Son of Hamas Founder Granted Asylum in U.S.
The son of a Hamas founder who converted to Christianity and spied for Israel can stay in the U.S. pending fingerprinting and a routine background check, a U.S. immigration judge said Wednesday.
Mosab Hassan Yousef, 32, had been denied political asylum in February 2009 because the Department of Homeland Security said he posed a terrorist threat. Yousef, who came to the U.S. in 2007, has said he feared assassination if he returned to the Middle East because he spied for Israel and abandoned Islam.
Yousef told reporters he was surprised by the outcome of the deportation hearing held in San Diego this morning. It lasted less than 20 minutes because Homeland Security dropped its opposition to his asylum request without explanation.
Those close to the case speculate that support from members of Congress, former CIA director James Woolsey and Yousef’s Israeli intelligence handler, Gonen ben Itzhak played a part in the decision.
Itzhak traveled from Israel to testify on Yousef’s behalf, though no witnesses ultimately were called. “Basically, I wanted to say that Mosab was not a terrorist,” Itzhak said, according to Fox News. “He was not affiliated with Hamas. He’s a great guy, and he should get asylum.”
Yousef is the oldest son of respected imam Sheikh Hassan Yousef, a founder of the Palestinian terror organization Hamas who is serving a six-year sentence in an Israeli prison. The younger Yousef has been disowned by his father; he became a Christian in 2005 and later spied for Israel’s intelligence agency, Shin Bet. He recounts his experience in a memoir, Son of Hamas, that released in March.
In a blog posting last month, Yousef admitted that he posed as a terrorist and carried a gun while spying for Shin Bet at meetings with Palestinian leaders.
“Yes, while working for Israeli intelligence, I posed as a terrorist,” Yousef wrote. “Yes, I carried a gun. Yes, I was in terrorist meetings with Yasser Arafat, my father and other Hamas leaders. It was part of my job. And I passed on to the Shin Bet all the information I gathered during those meetings and saved the lives of many people—including many Americans.”
In the blog, Yousef also criticized Homeland Security’s handling of his case, saying the department was looking for terrorists in the wrong places. “If Homeland Security cannot tell the difference between a terrorist and a man who spent his life fighting terrorism, how can they protect their own people?” he asked.
During a conference call today, Yousef said he hoped the government would learn from his experience. In order to fight the relatively new threat of individual terrorists, Yousef said Homeland Security and other intelligence agencies must better understand the religion, culture and motive of those individuals.

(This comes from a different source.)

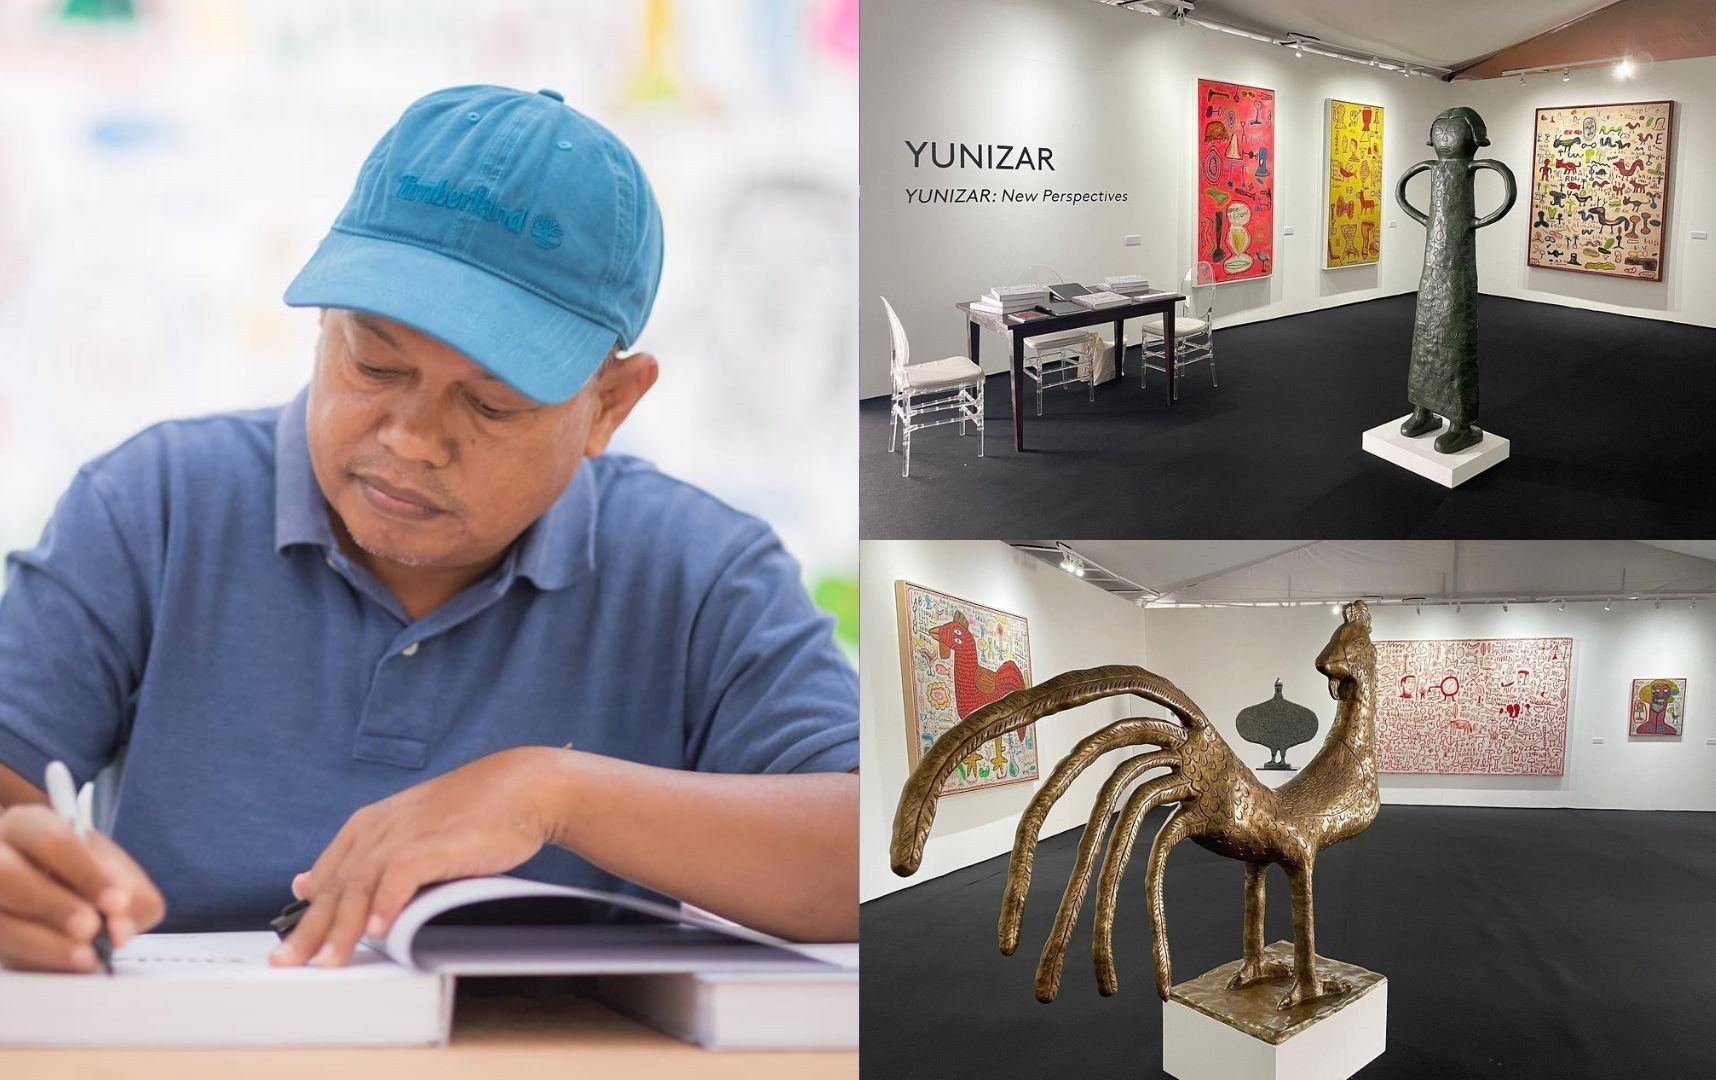 Indonesian artist Yunizar on his artistry transcending time, borders, cultures

“In my case, unfortunately, [there was a] lack of knowledge, lack of experience, lack of distinguishing between who’s terrorist and who’s not terrorist,” he said. “I’m not criticizing; that wasn’t my goal. I wanted, and I still want, American public and Homeland Security, FBI, to consider more. This is not just a small threat, it’s a huge threat, and in order to fight it we need to take different measures.”
Yousef, who lives in San Diego, said he hopes to become a U.S. citizen and pursue a master’s degree in history and geography. He said he will keep fighting the ideology behind terrorists “because I know how they think.”
This year he will celebrate the Fourth of July without the threat of deportation, but he said he has long been an American.
“I think I became American when I start to fight for liberty and freedom,” he said. “At that moment I served the common ground that gathers every free man and woman in this country. I celebrated always the Fourth of July. I think independence is a great thing, but what I think is greater is the liberty that is in the heart of every individual of this country. I think this is a great country, a great nation, and I will be proud to be called American.”